Via the Washington Monthly, this WaPo piece on former McCain advisor Doug Holtz-Eakin, who is about to lose his health care, which contained this gem:
Despite his personal trials, however, Holtz-Eakin said his conviction on the hot-button issue of health care is unchanged. He believes that reform is needed, but that President Obama and congressional Democrats are going about it the wrong way. The system is “broken,” he said, but the bills now before Congress do not cut costs enough. On the campaign trail, Holtz-Eakin promoted McCain’s plan to eliminate the tax exemption for employer-sponsored health insurance and give tax credits to individuals to buy their own coverage.

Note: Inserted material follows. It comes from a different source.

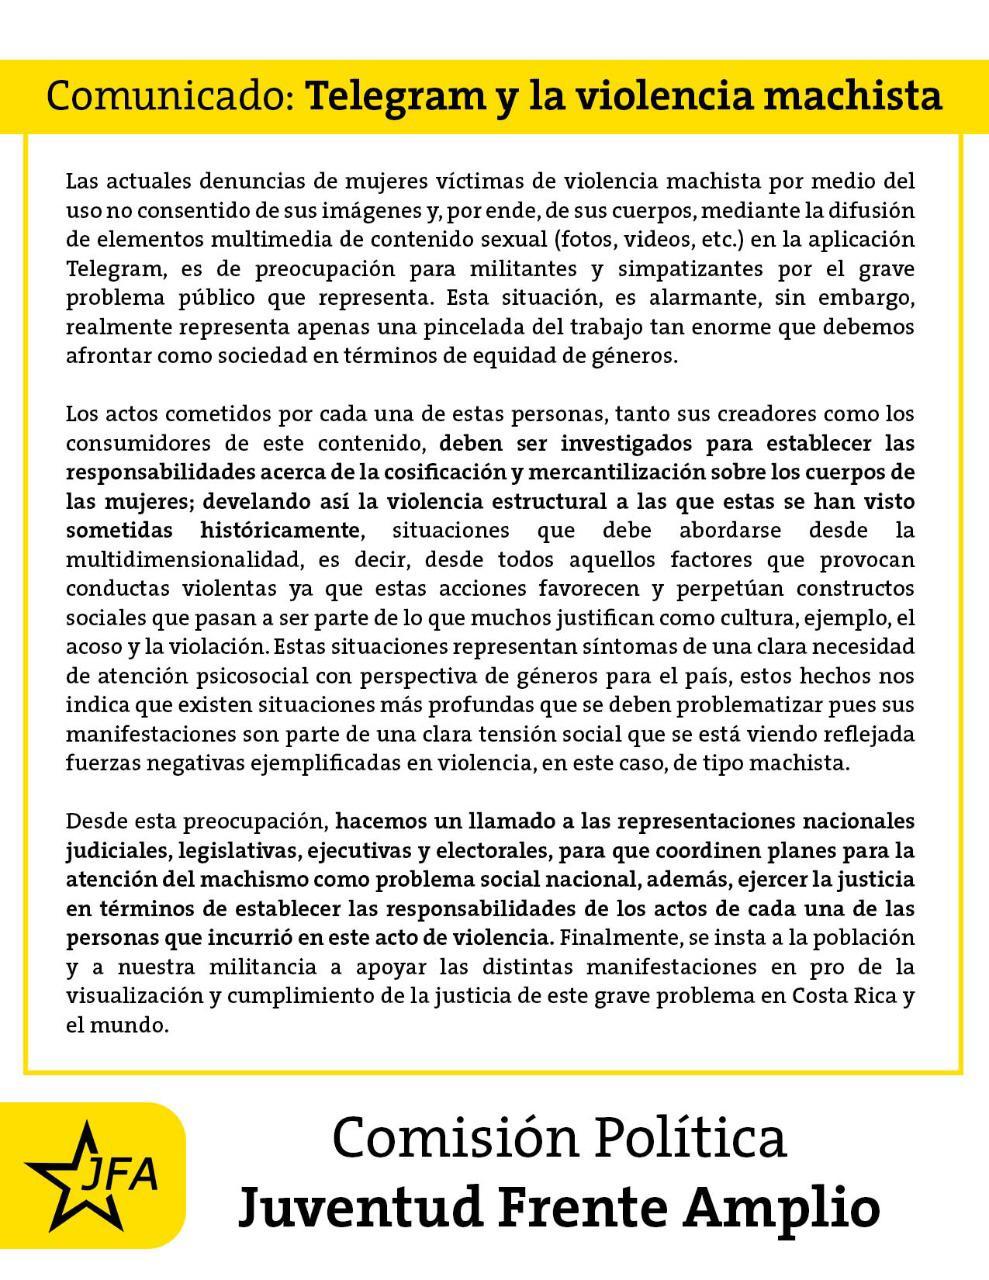 Comunicado de la JFA: Telegram y la violencia machista.

Of the bills moving through Congress, Holtz-Eakin said: “I wish the policies were different, and I wish I could’ve somehow gotten us to a bipartisan place. I think McCain had the capacity to do that.
Will this myth of McCain’s bipartisanship ever stop? Putting aside the fact that he ran a disgusting and ugly campaign with amoral louts like Michael Goldfarb in charge of the campaign, and putting aside the fact that he gave us Sarah Palin, and putting aside the fact that McCain is an angry old fool with a mean streak a mile long, is there ANY DAMNED EVIDENCE AT ALL from the last year that any bipartisan solution could be found? The Republicans have yet to even release their health care plan, and have done nothing but propagate lies, foment unrest, and scream no. In the meantime, they are continuing their purge of anyone to the left of Dick Cheney.
So what exactly makes Holtz-Eakin think there is any way a bipartisan solution could be found. Or Obama, for that matter?